Until you fix this, your only safe food is Nutrient Blocks. These are pre-packaged emergency rations that your body can already digest. They spawn inside supply crates and stashes scattered around the starting area near your Lifepod. Each Nutrient Block restores +40 food. Collect every one you find and use them carefully — they will not last forever.

How to Fix Digestive Incompatibility — Get the Digestion Adaptation

This is the single most important thing to do before worrying about food. You need to find the Angel Comb and unlock the Digestion Adaptation.

Here is how to get there:

  1. Check the NOA terminal inside your Lifepod. You will eventually get a message about a missing colonist named Anita Gottschal. This places a waypoint on your HUD pointing toward her blackbox.
  2. If you want to skip the wait, climb on top of your Lifepod and face roughly 20 degrees between North and Northeast.
  3. Swim approximately 160 meters in that direction.
  4. Look for a large black cable running along the seafloor — follow it. It leads directly to the Angel Comb.
  5. The Angel Comb is a massive glowing pink and purple plant with spiky wing-like structures. You cannot miss it.
  6. Swim up to the central pink bulb and interact with it.

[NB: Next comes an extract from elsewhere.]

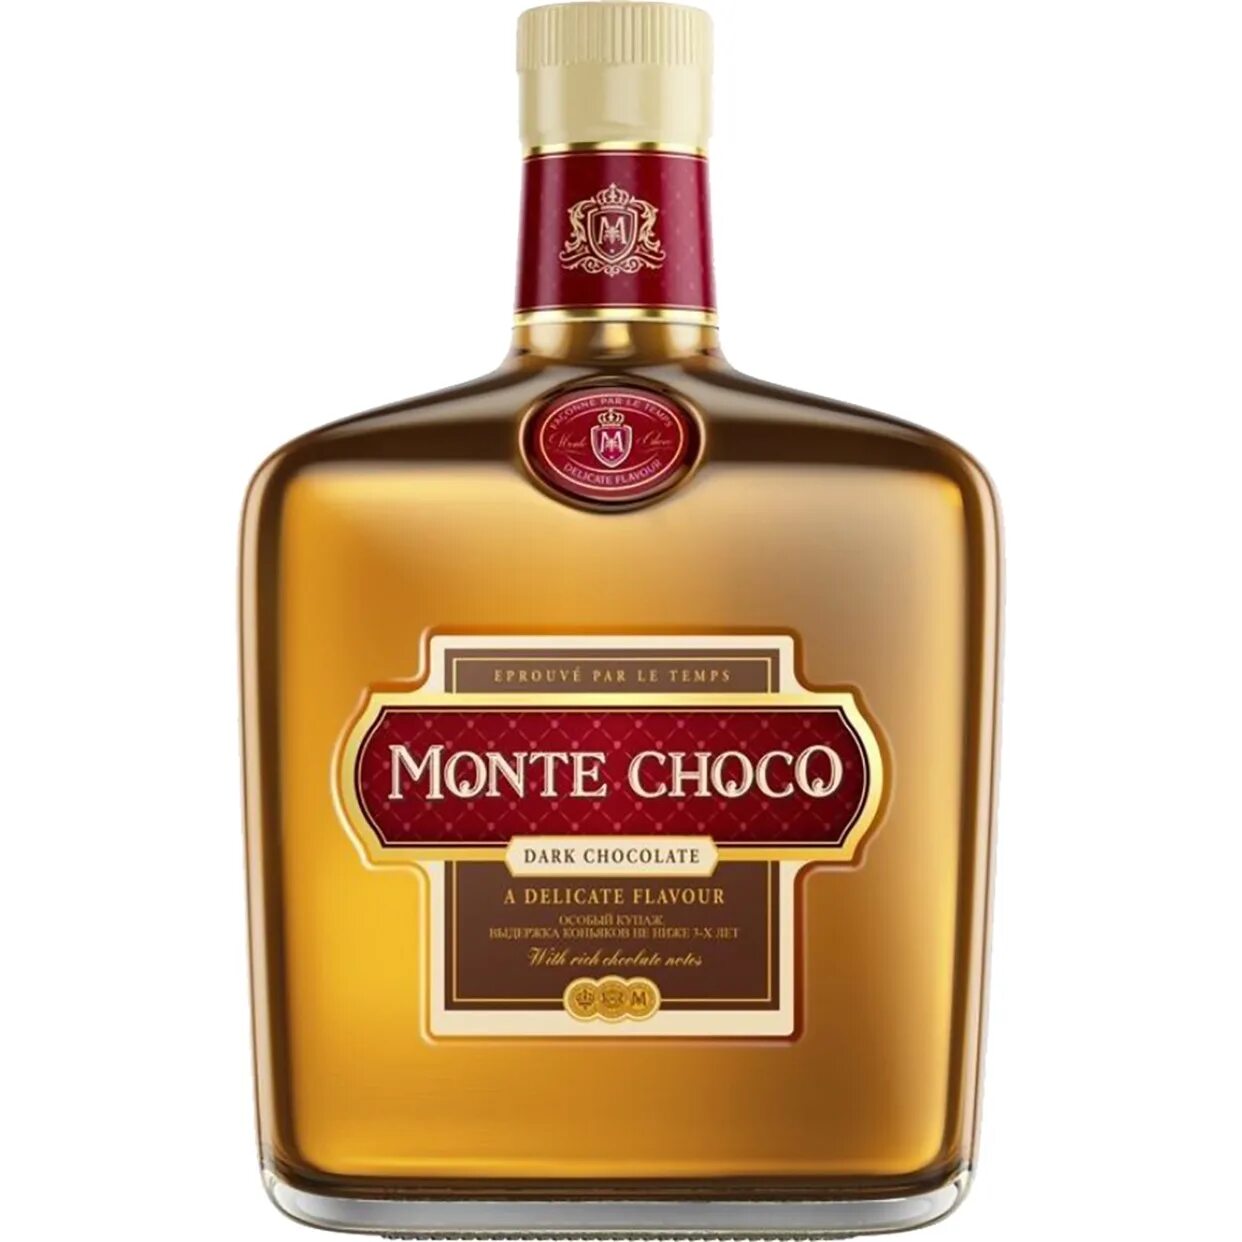 Коктейль choco. Коньяк Monte Choco 0.5. Коктейль коньячный Монте шоко. Монте Чоко дарк шоколад. Коньяк Монте Чоко шоколад.

That is it. Interacting with the Angel Comb gives you the Digestion Adaptation permanently. From this point on, you can eat native fish and plants without any penalty. Do this early — the sooner you get it, the sooner food stops being a problem.

Best Early Food Sources in Subnautica 2

1. Nutrient Blocks — Your Starting Food (Before Digestion Adaptation)

Before you unlock digestion, Nutrient Blocks are all you have. Loot every supply crate and stash you find near the Lifepod. Each one gives +40 food, which is a decent amount. Do not waste them. Eat only when your hunger bar is getting low.

Once you have a Processor, you can also craft Nutrient Blocks yourself using 1x Biofuel Block and 1x Salt. Biofuel Blocks are made from organic materials like Fibrous Pulp and Pent. This is a good emergency option later in the game when other food supplies run low.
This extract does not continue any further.